Apaydın camp in line with practice, says UN
Emine Kart & Özgür Ekşi ANKARA - Hürriyet Daily News
Syrian refugees arrive at the Öncupınar refugee camp in Kilis near the Syrian border. The number of Syrians fleeing from the violence are rapidly increasing.The United Nations’ international body for refugees has said keeping Syrian military defectors in a separate camp in Hatay is in line with established international practice.
Experts in humanitarian law working with the United Nations High Commissioner for Refugees (UNHCR) told Hürriyet Daily News Aug. 30 that such separation of refugee camps is an international norm set by the UNHCR’s Executive Committee. Civilian and military refugees were similarly kept in separate camps by European countries during the 1992-95 conflict in Bosnia. “And at the moment, there are similar separate camps in different places in Africa, such as Somalia, Darfur, and Kenya,” one of the experts, who requested anonymity, told Hürriyet Daily News.
A government does not necessarily need to have an obligatory circumstance for drafting a by-law like Regulation No. 7473 of Nov. 7, 1995 on Combatant Members of Foreign Armies Seeking Asylum in Turkey, experts said. But Turkey experienced a mass influx of almost half a million mostly Kurdish Peshmerga refugees from Iraq in 1988 and 1991, as well as mass influxes of Albanians, Bosnian Muslims, Pomaks (Bulgarian-speaking Muslims), and Turks in 1989, 1992-1995, and 1999, respectively, as cited by Kemal Kirişçi, a professor of political science and international relations at Boğaziçi University, in an article dated November 2003.
In an interview with the Anatolia news agency released on Aug. 29, Carol Batchelor, a representative of the UNHCR’s office in Turkey, didn’t refer to the issue surrounding the 1995 by-law at all. “It is through an individual refugee status determination procedure that it can be determined whether someone is a refugee. This assessment is made on an individual basis. As some of the former military may have been engaged in the conflict from which the civilians fled, it is advised that there is a separation, at least until an individual assessment is made of refugee status,” Batchelor told Hürriyet Daily News in response to a question via email asking whether the refugees at the Apaydın camp should be considered “foreign soldiers” or “refugees with military backgrounds” or in some other category.
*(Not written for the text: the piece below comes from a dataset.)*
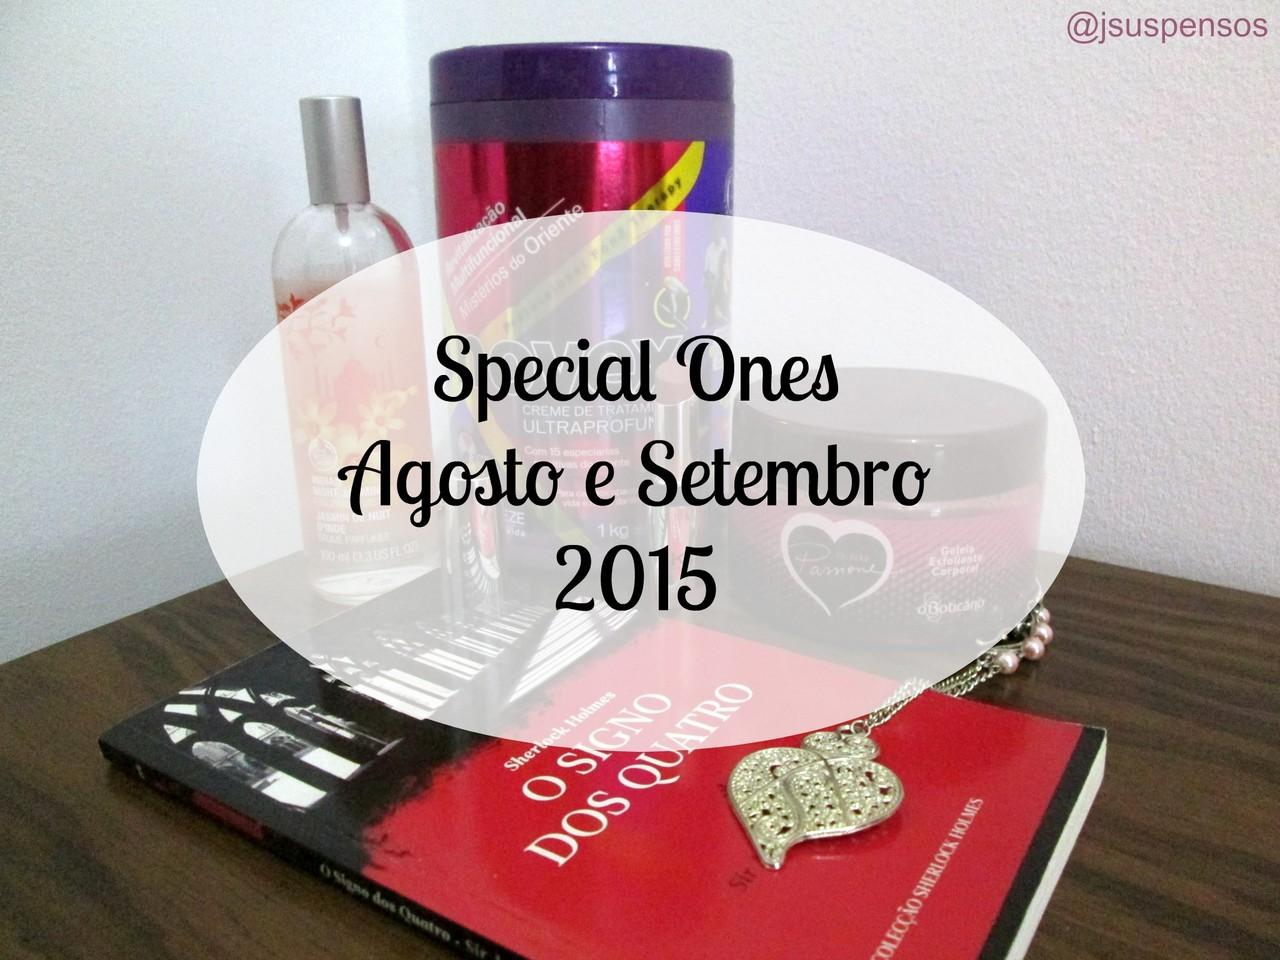 special-ones-agosto-setembro-jardins-suspensos1.jp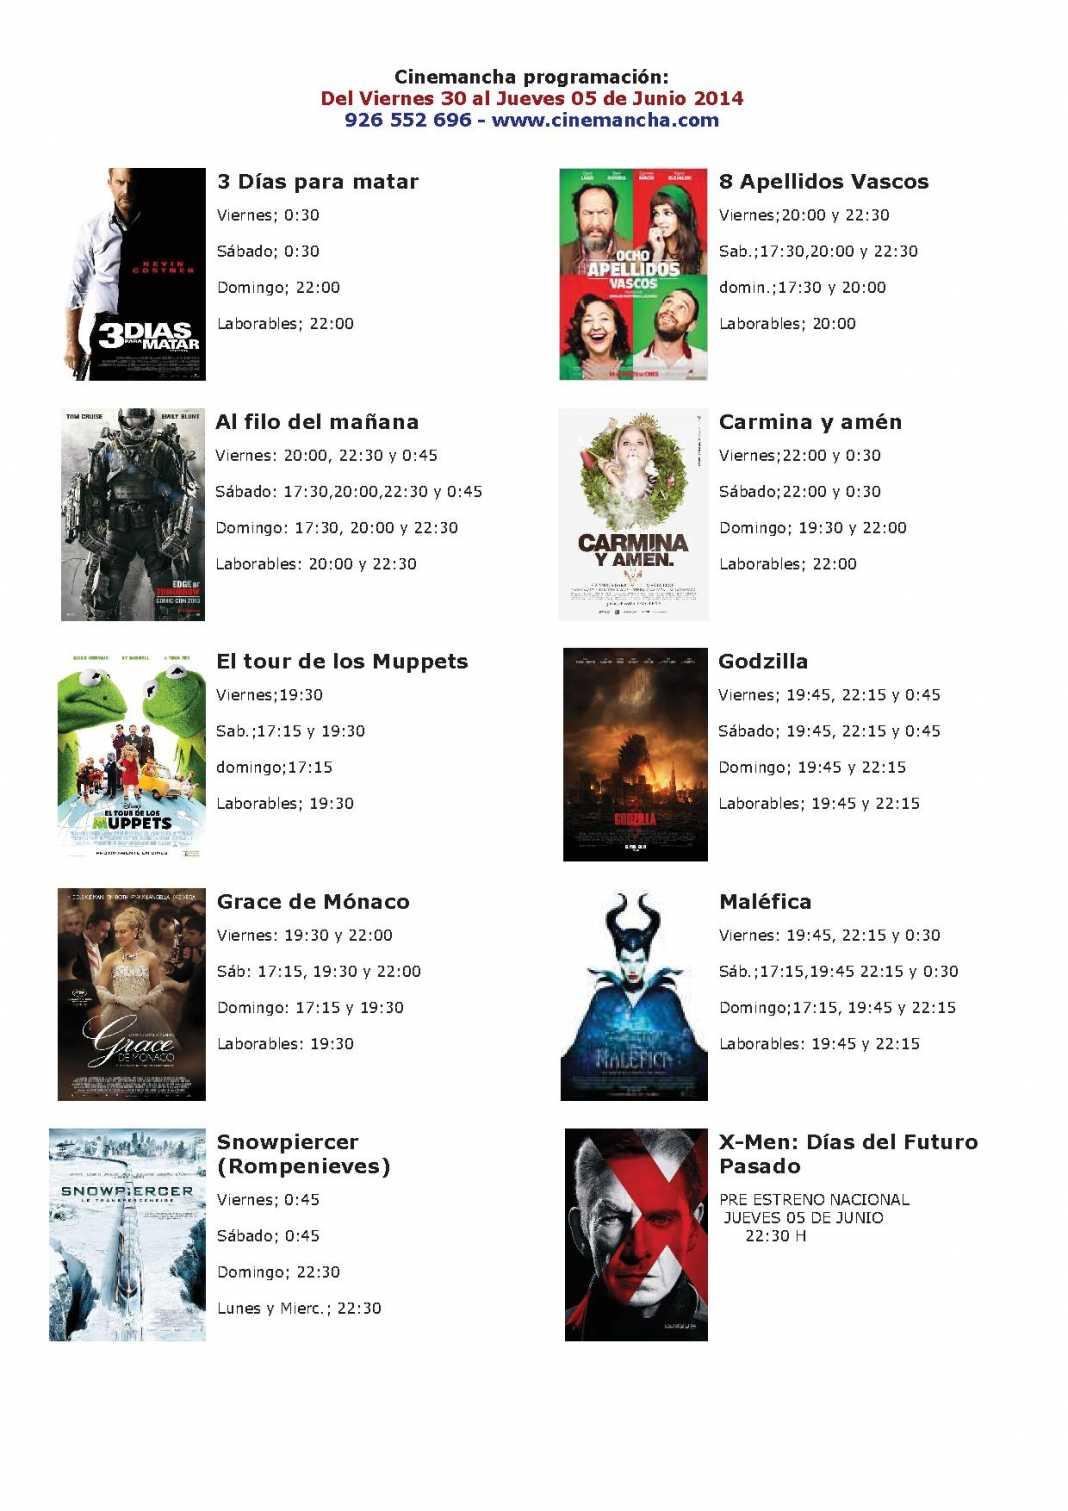 Cartelera de Cinemancha del viernes 30 mayo al jueves 05 de junio 1

In her interview with Anatolia Batchelor praised the Turkish government’s efforts, while also supporting the hosting of former military members and civilians in separate camps. “This is normal under international law, that those who are former military are separated from the civilians,” Batchelor said, while also noting that a majority of people in the camps in Turkey were women, children and elderly people.
“These are civilians, these are people who very much need to be protected, they have special needs and it is important that those who have laid down their weapons who are former military are separated from the civilian camps. They must also be protected. But the international legal regime for protecting them is indeed different. And it is important that they are separated and Turkey has followed that policy,” she said.
Turkey’s Foreign Ministry defends the situation, saying the implementation may not be in line with the by-law, but is in line with “established international practice.”
“We are looking at the issue overall, that is to say, as a whole. But we also review each and every case in its specific circumstances,” a Turkish diplomat, speaking under customary condition of anonymity, told Hürriyet Daily News Aug. 30. “The implementation of the Apaydın camp is in line with established international practice. This is a situation where security risks are high for these military figures; they might even be subject to lynching by other civilian Syrians, so we have had to keep them in a separate camp as a precaution,” the same diplomat said.
Military refugees must be kept in a separate camp according to a 1995 by-law, Foreign Minister Ahmet Davutoğlu said on Aug. 29. According to the related law dated 1941, and related by-laws dated 1995, “keeping foreign combat soldiers and officers who come [to Turkey] in a separate camp is not a choice, but is a requirement of regulations on this issue. UN practices also fall within this framework,” Davutoğlu said.
According to Regulation No. 7473 of Nov. 7, 1995, on Combatant Members of Foreign Armies Seeking Asylum in Turkey, to which Davutoğlu referred: “’Combative foreign military member’ defines soldiers who are accepted into the country or seized in the country, and defines soldiers whose armed forces are waging war on or have a conflict with a third country.” Thus, the regulation to which Davutoğlu referred as the basis for the establishment of a separate camp for military origin Syrians does not list soldiers who are involved in a civil war, as is the case in Syria.